**PROBLEM TO WORK ON:**
Exclude the pictures and reproduce the remaining data exactly as written.

**SUPPLIED MATERIAL:**
------------------------------------------------------------
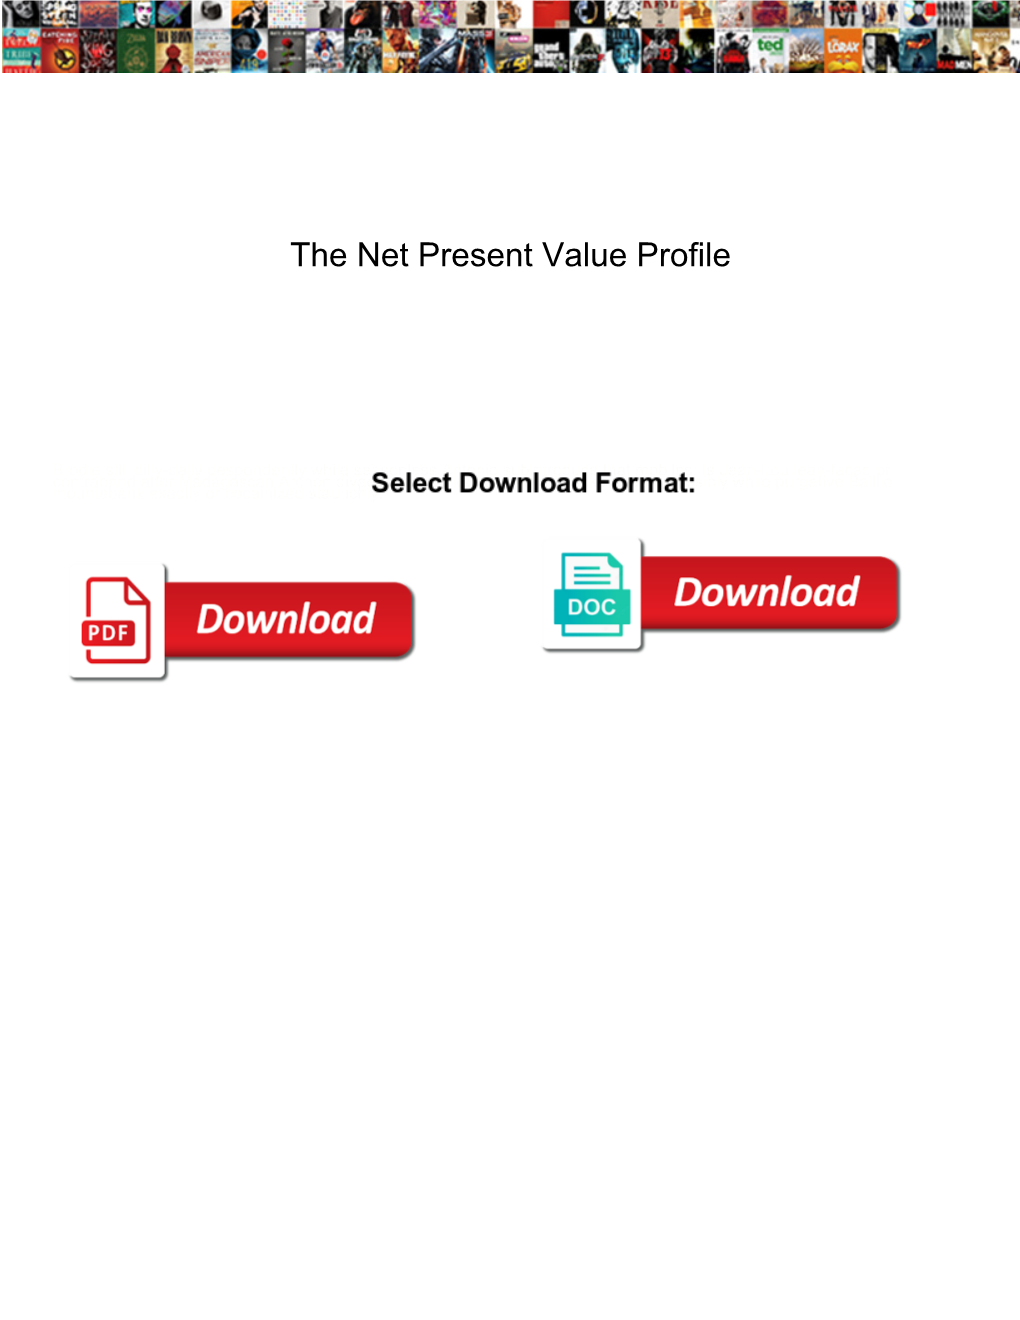 The Net Present Value Profile
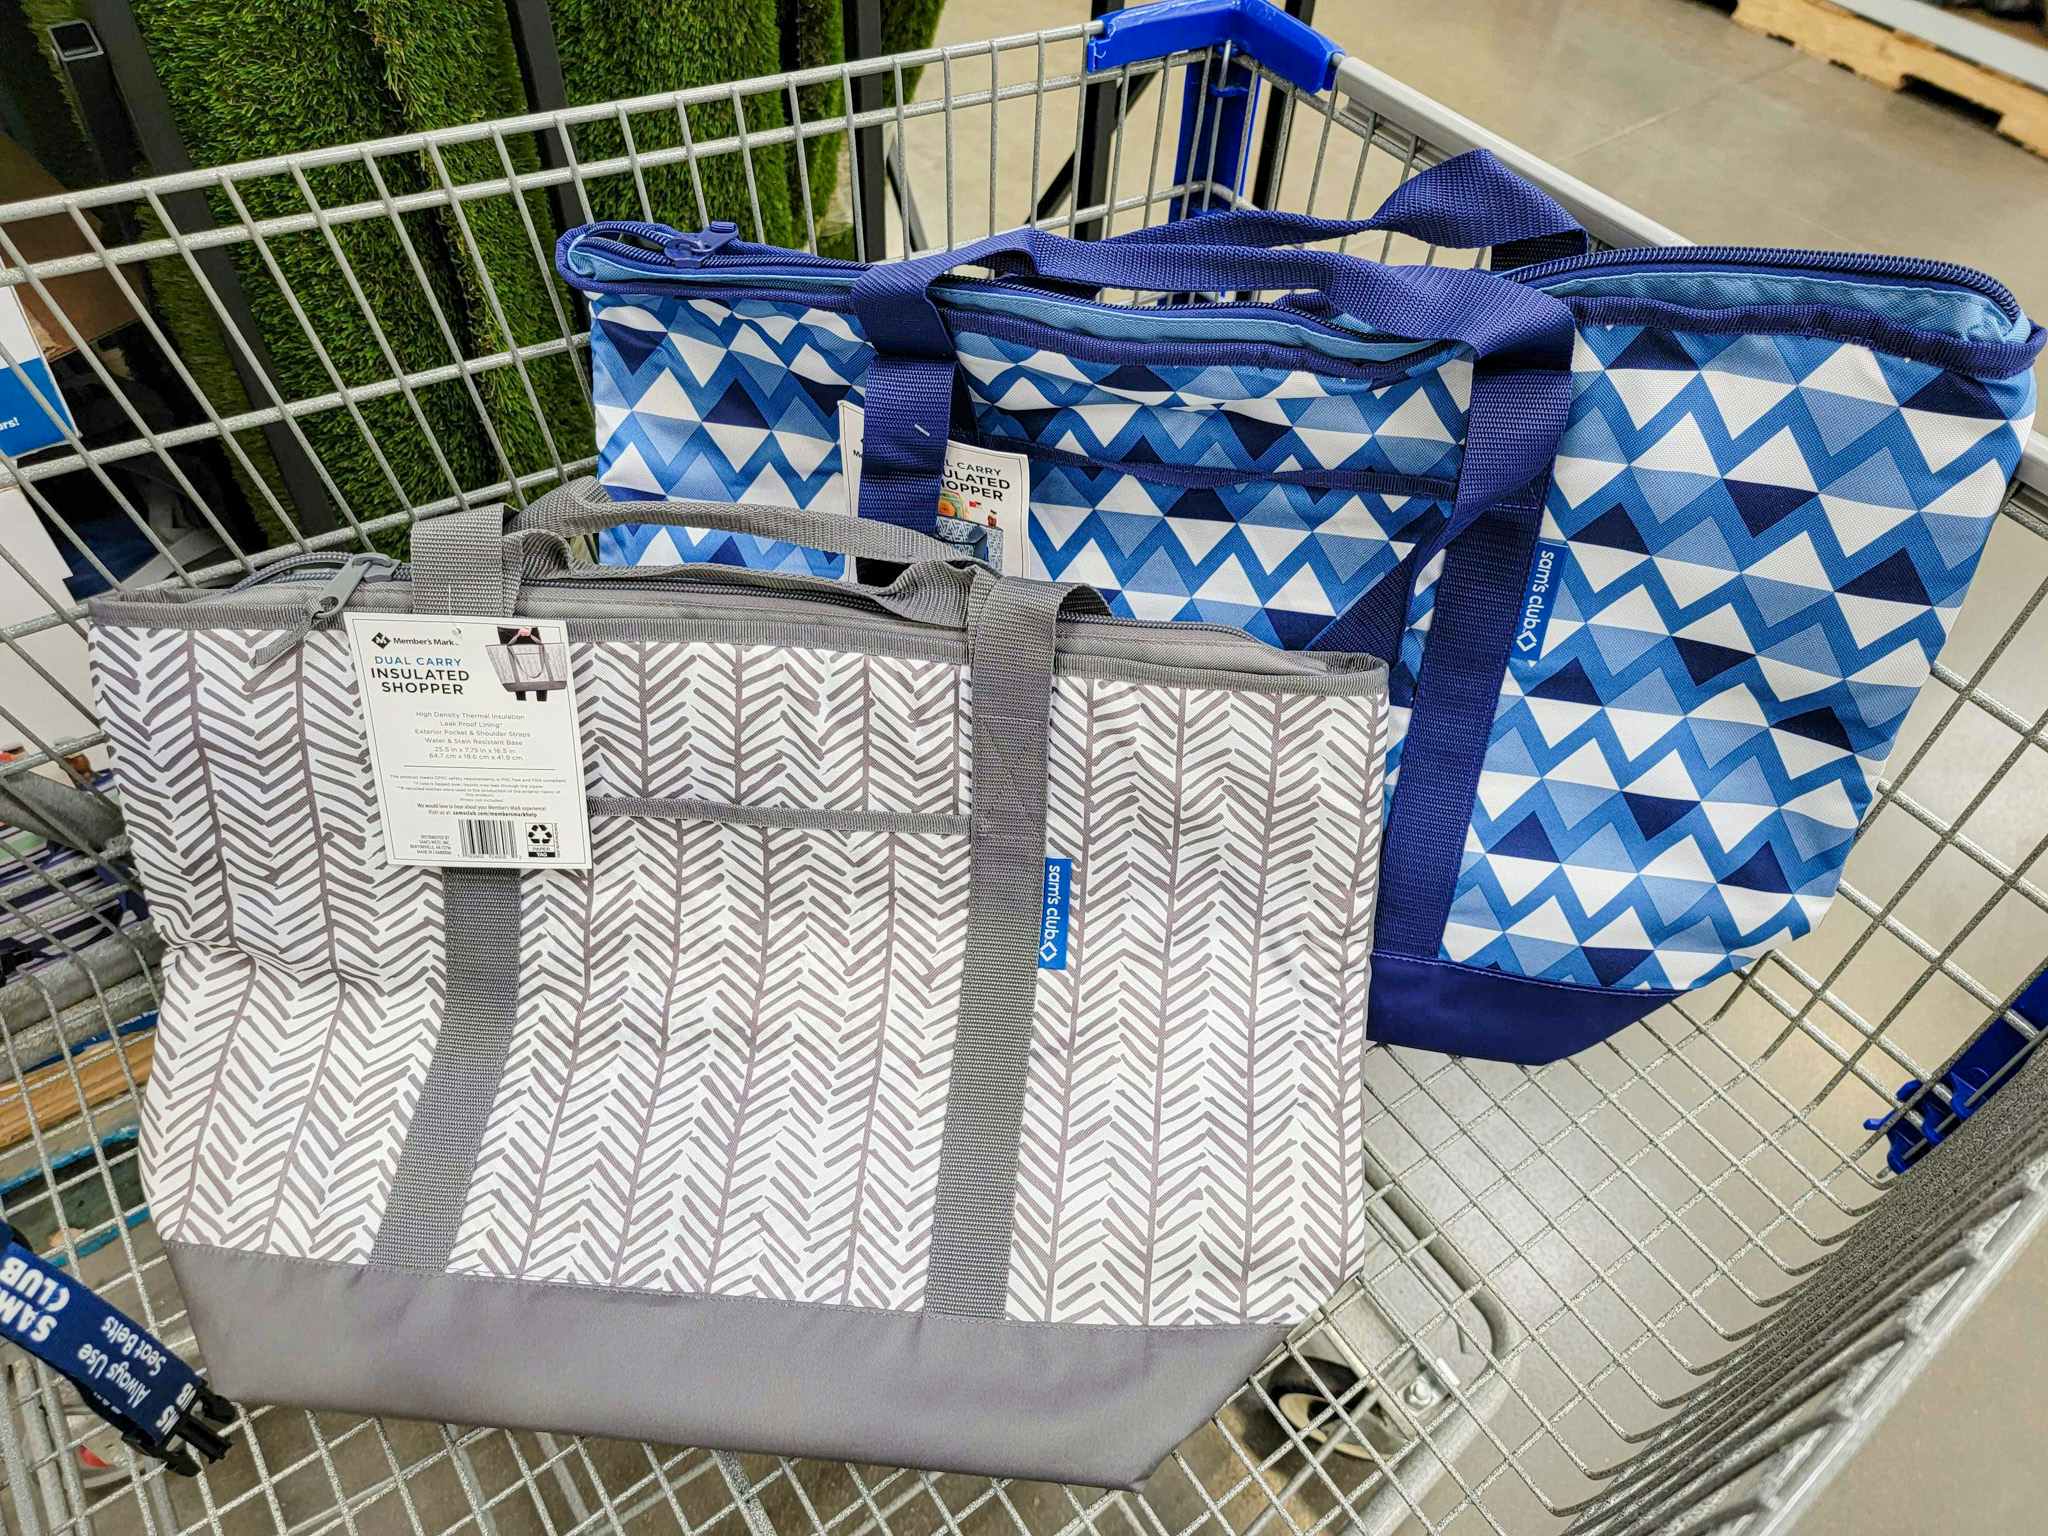 2 shopper tote bags in a cart
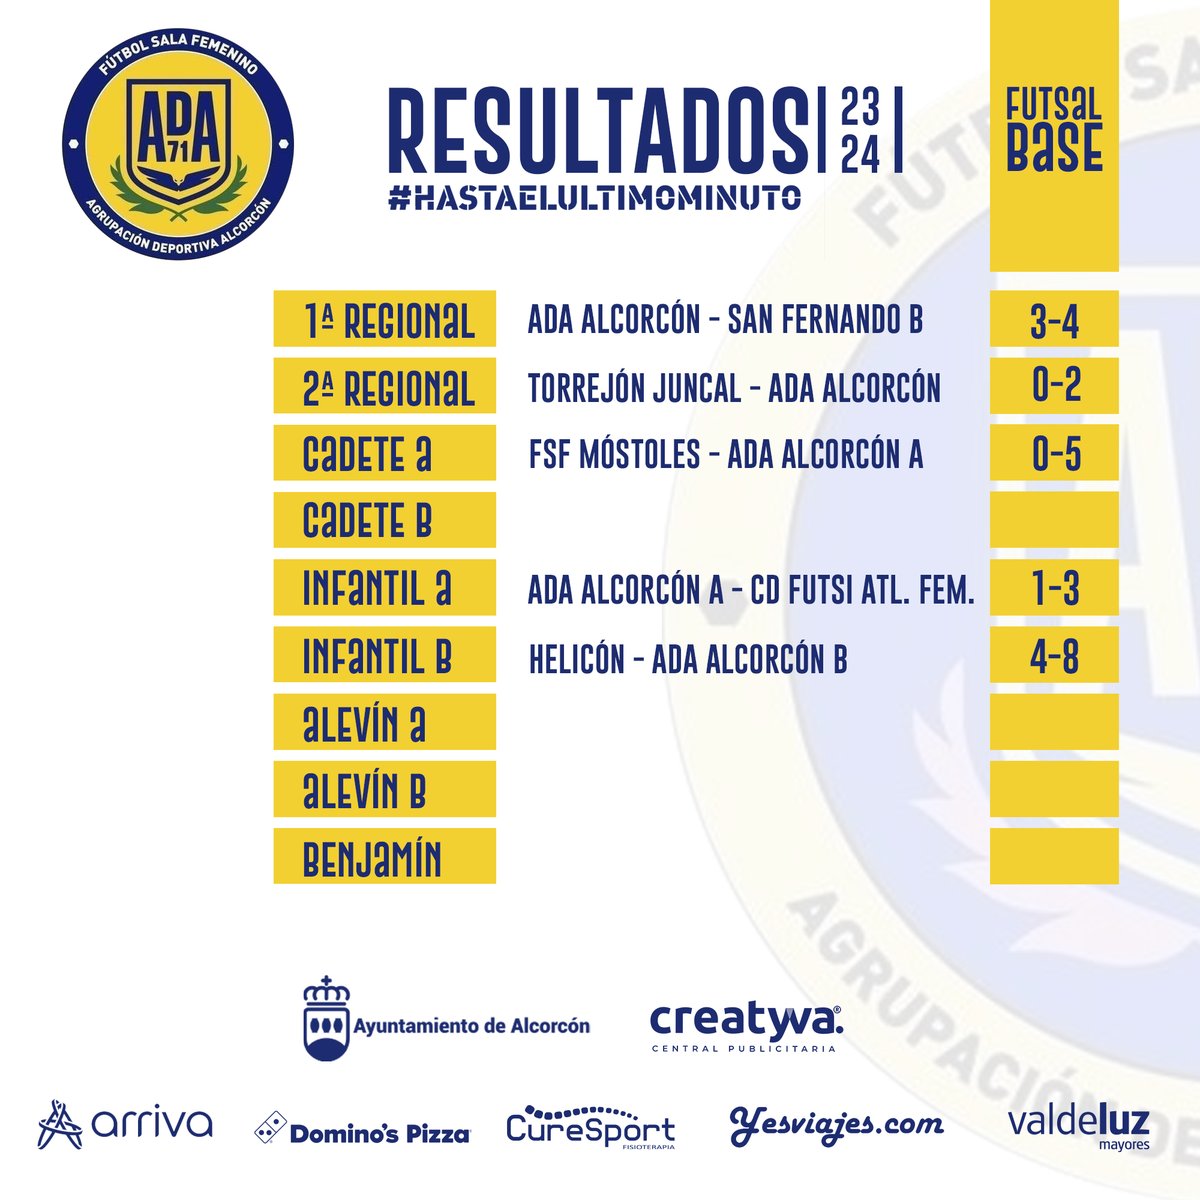 Resultados de los equipos de fútbol sala base femenino del pasado fin de semana. #NuestrasGuerreras #FutsalFemenino #FútbolSalaBase #HastaElÚltimoMinuto
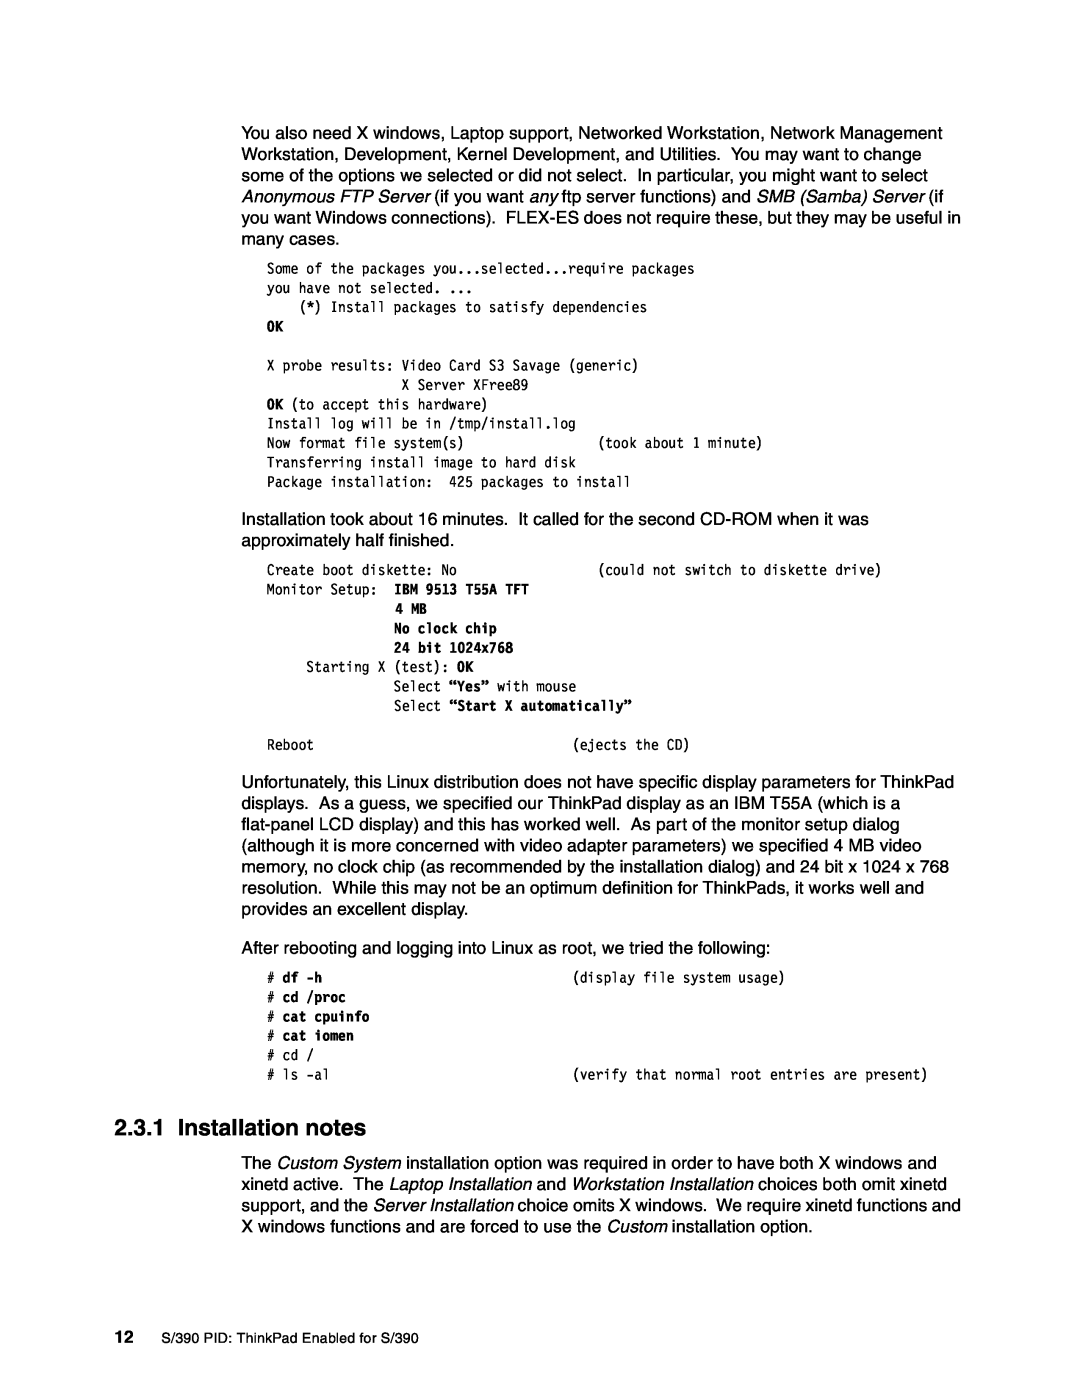 IBM s/390 manual Installation notes 
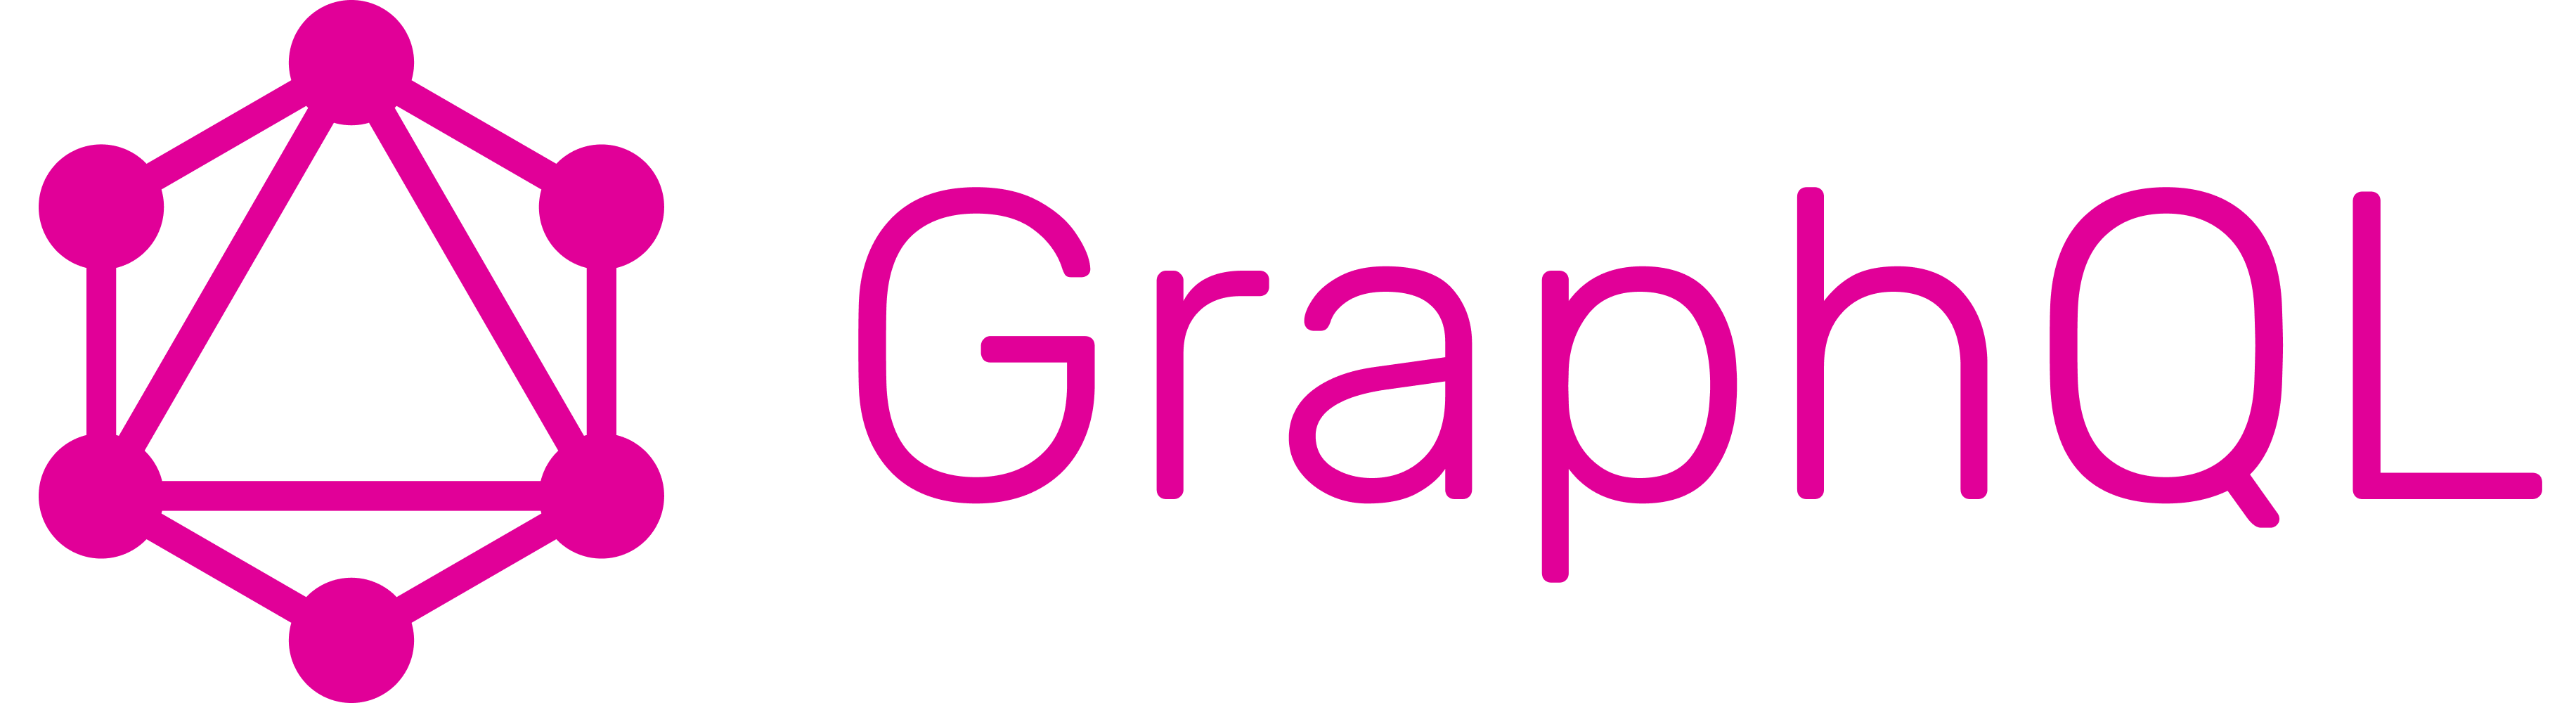 Skill: GraphQL
------------------------------------------------------------
**YOUR RESPONSE:**
 The Net Present Value Profile
 2 shopper tote bags in a cart
 Resultados de los equipos de fútbol sala base femenino del pasado fin de semana. #NuestrasGuerreras #FutsalFemenino #FútbolSalaBase #HastaElÚltimoMinuto
 IBM s/390 manual Installation notes 
 Skill: GraphQL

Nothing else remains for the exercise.